-------- DATA SUPPLIED

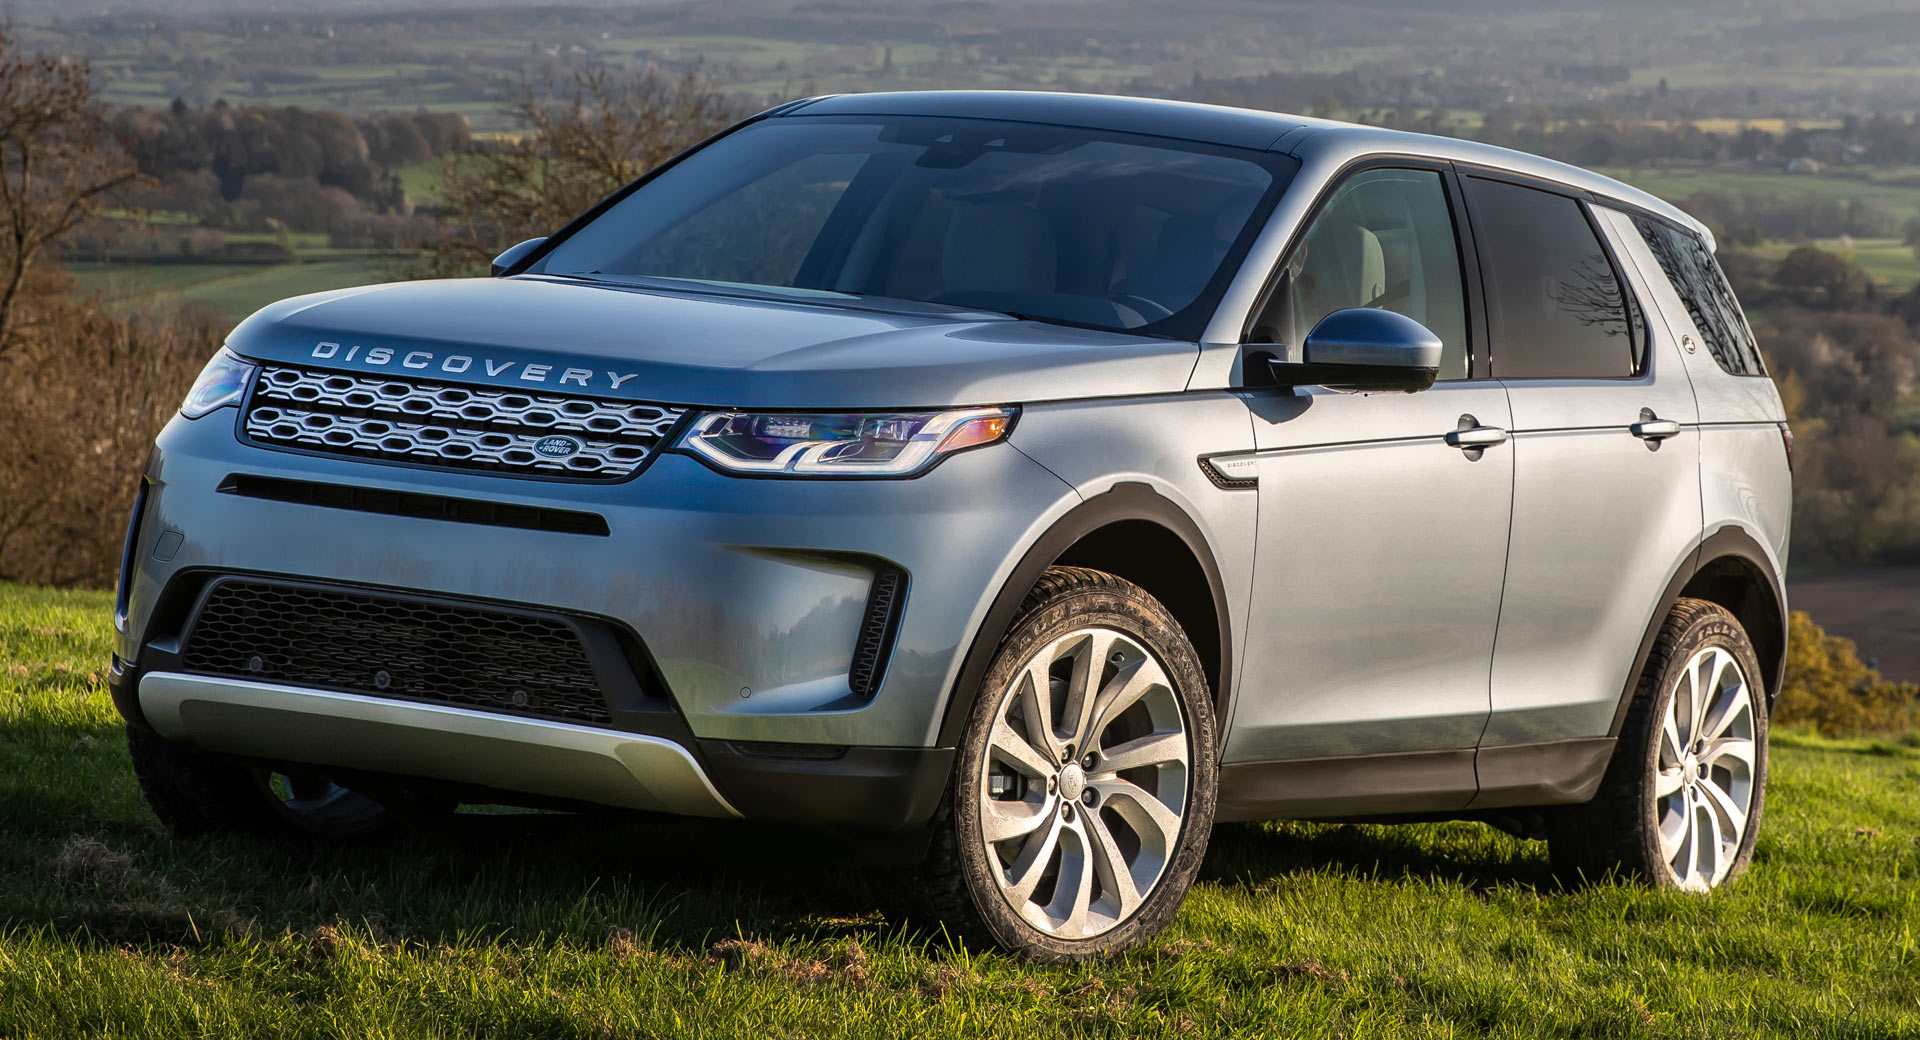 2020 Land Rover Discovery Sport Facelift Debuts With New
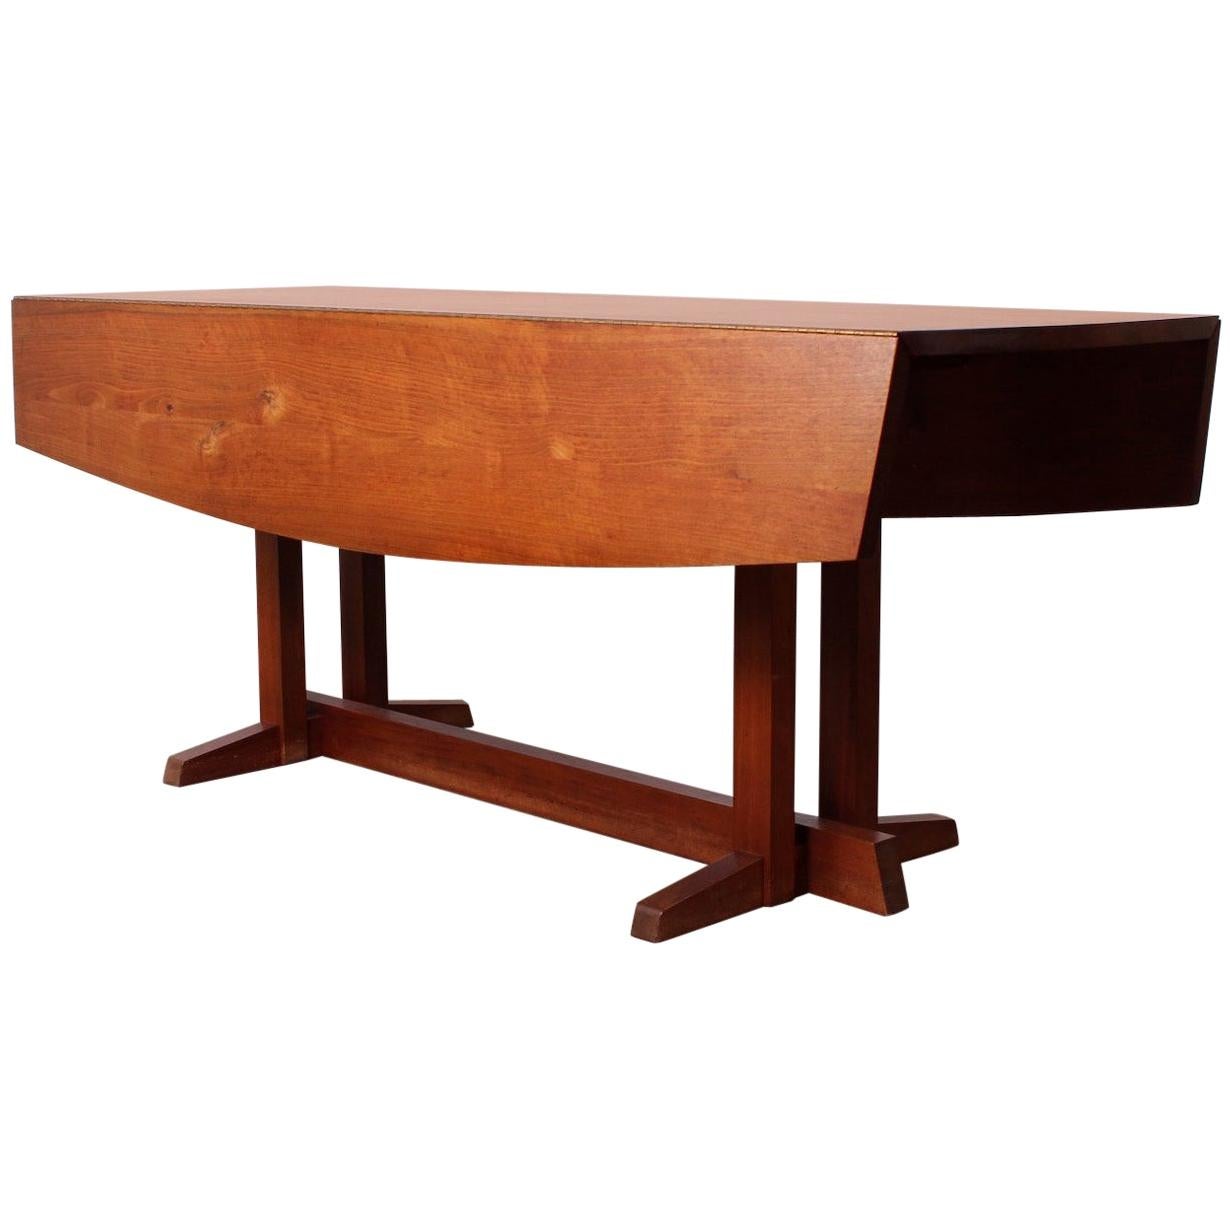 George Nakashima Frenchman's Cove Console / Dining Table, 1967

----------------
-------- DATA SUPPLIED

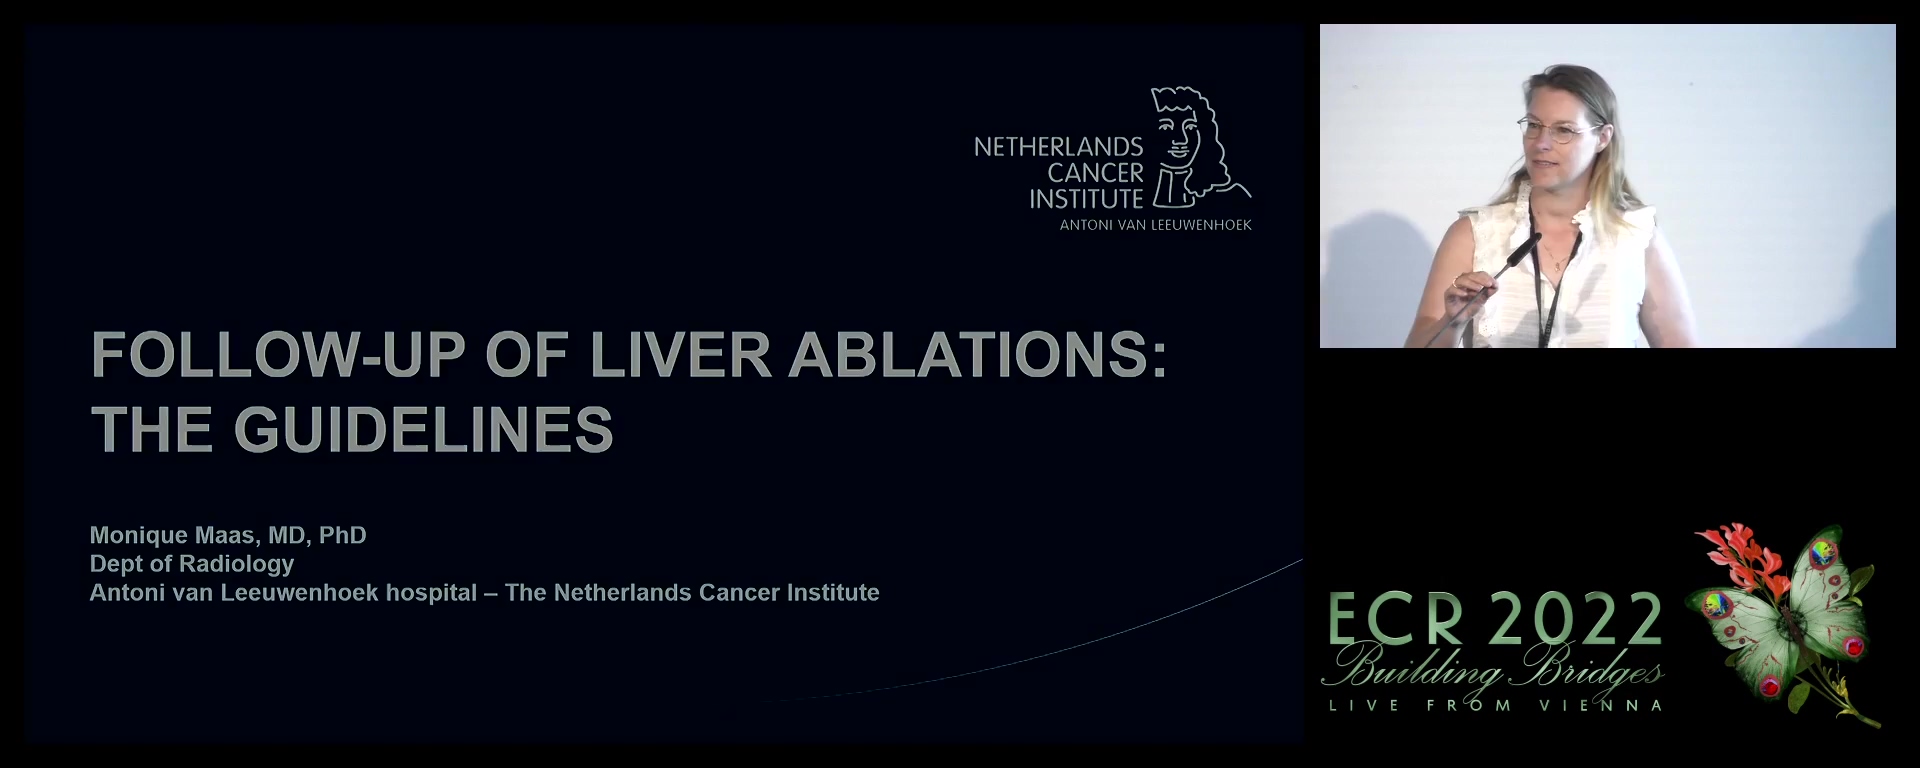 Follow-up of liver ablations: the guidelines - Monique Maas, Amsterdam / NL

----------------

__TASK DESCRIPTION__.
Between and including the line with "2020 Land Rover" and the line with "George Nakashima Frenchman's", repeat every line exactly as it appears above, with pictures left out.

__YOUR SOLUTION__.
 2020 Land Rover Discovery Sport Facelift Debuts With New
 George Nakashima Frenchman's Cove Console / Dining Table, 1967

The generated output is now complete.